Women may be reaching for the right dietary heart helpers but unknowingly countering their benefits. The problem is what we're combining with those heart-healthy choices says Erin Palinski, a registered dietician from New Jersey who serves on the Nutrition Advisory Board for the College of Saint Elizabeth
If you are taking fish oil supplements because of their heart-healthy omega-3s, make sure you're also watching your diet. "Fish oil supplements have been shown to help protect against heart disease when combined with a low fat diet," Palinksi says. "However, when combined with a diet high in saturated fat, this may cancel out the help benefits of this oil."
Following a heart-healthy recommendation isn't enough. Do your research to determine contraindicated combinations. For example, black tea has long been touted as good for your heart because it contains a category of flavonoids called catechins, which promote relaxation and expansion of the arteries to maintain healthy blood pressure. However, a study published in the European Heart Journal in January 2007 proves that adding milk to your black tea actually counteracts the tea's benefits on vascular function. The caseins in the milk, specifically, inhibit the ability of the flavonoids to do their job. Palinski recommends adding soy milk to your tea instead; it has a different molecular structure than regular milk and won't inhibit the tea's heart-healthy effects.
So what's the good news? Palinski says a few changes can make all the difference in a heart-healthy diet. Here are some of the nutrition expert's best heart-healthy food combinations.
Combine high soluble fiber foods (including oats, beans, vegetables, fruits, barley) with foods that contain plant sterols, such as beans, legumes, nuts, seeds and soy products. Research shows that plant sterols can lower LDL (bad) cholesterol levels by as much as 30 percent. Some food manufacturers are also adding plant sterols to such foods as margarines, orange juice, and even granola bars; be sure to read the labels before buying.
Add a small amount of olive oil to your tomato sauce the next time you eat pasta. "Presence of fat in the diet increases lycopene absorption," says Palinksi. "Lycopene, which has been shown to decrease heart disease risk, is found in high concentration in tomato sauce." Olive oil, which is rich in monounsaturated fat, is also good for the heart.
Palinski suggests adding a small amount of monounsaturated fat -- from foods such as nuts, avocado, and olive oil -- to a low fat diet (a diet with less than 25 percent of total calories from fat). Research indicates that heart-healthy fats can help lower total blood cholesterol as well as LDL (bad) cholesterol levels while slowing the loss of HDL (good) cholesterol from 10 percent to 3 percent.
When evaluating your diet for it's heart health benefits, be sure to avoid these combinations.

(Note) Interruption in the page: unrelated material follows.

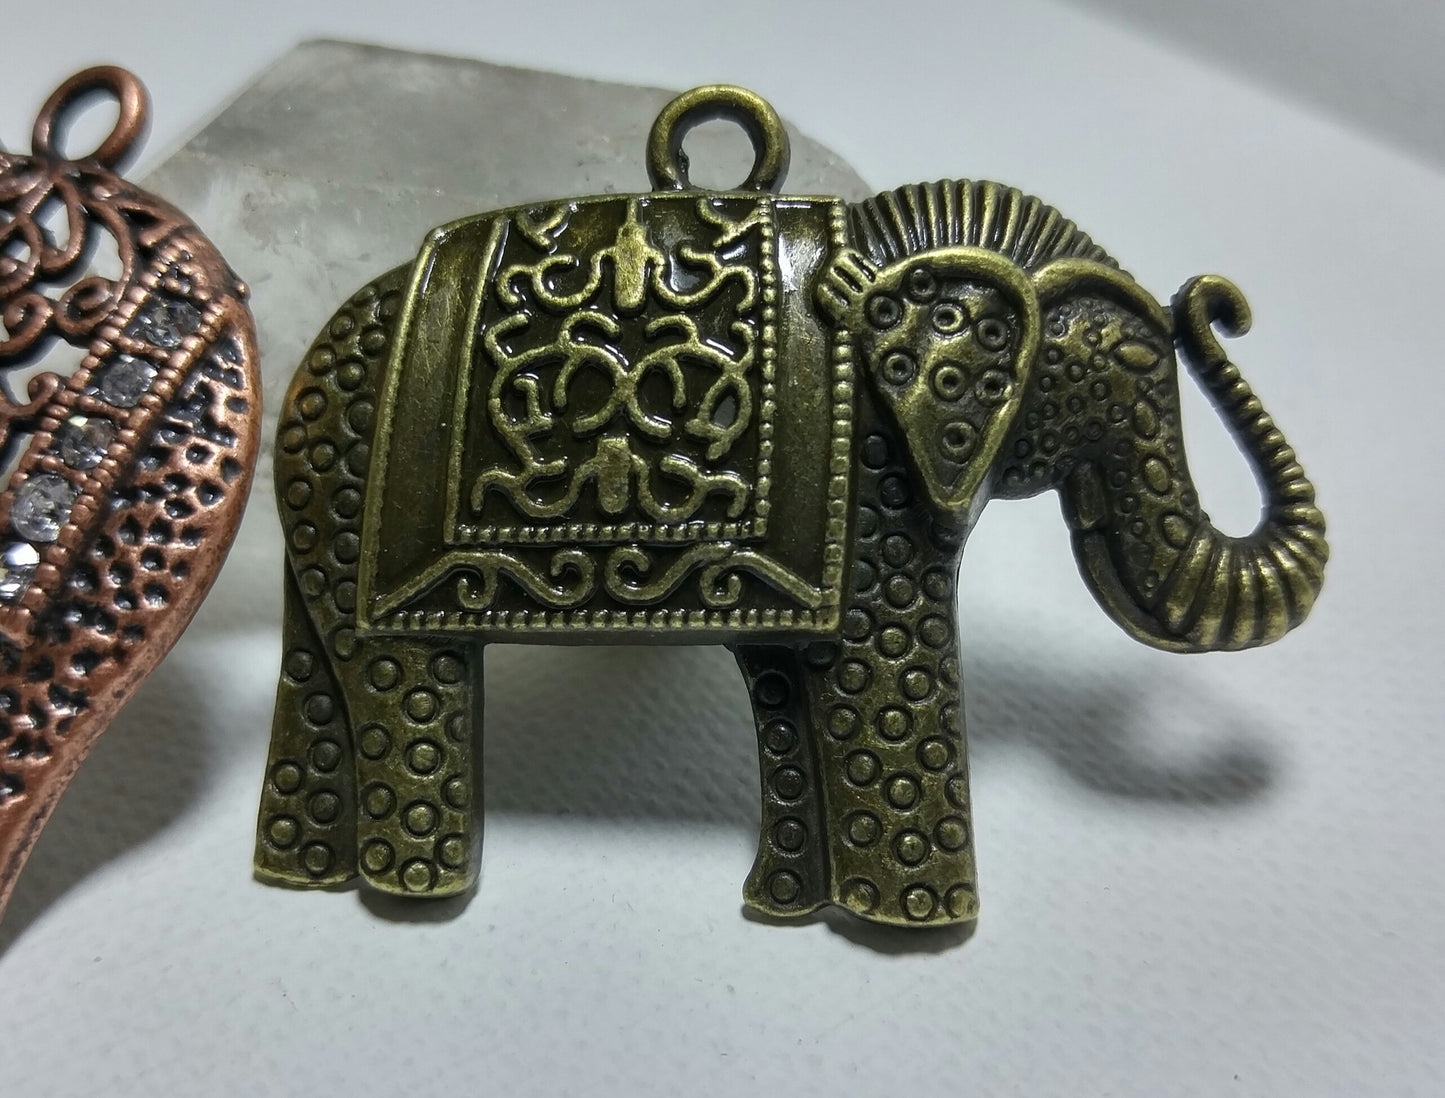 2 Fancy Elephant Pendants-lot 1

Foods high in the B vitamins riboflavin and folic acid (including milk, peppers, cruciferous vegetables, dark green leafy vegetables and fortified cereals) can reduce blood homocysteine levels; high homocysteine levels are associated with an increased risk for heart disease. Combining B-vitamin foods with animal foods, such as red meat and chicken, can cancel out the heart-health benefits because these animal proteins contain methionine, which helps synthesize homocysteine.
Combining foods high in heart-healthy B-vitamins with excessive levels of coffee and alcohol also counter the heart-helping benefits of B-vitamin foods.
Although red wine, with its powerful antioxidant resveratrol, has been shown to help protect against heart disease, it can counter the heart-healthy benefits of foods rich in folic acid, one of the B-vitamins that help decrease homocysteine levels. When combined, alcohol interferes with the absorption of folic acid and increases excretion of folic acid by the kidneys.
Do your research to make sure the heart-healthy foods you're including in your diet aren't being sabotaged by other foods you're eating.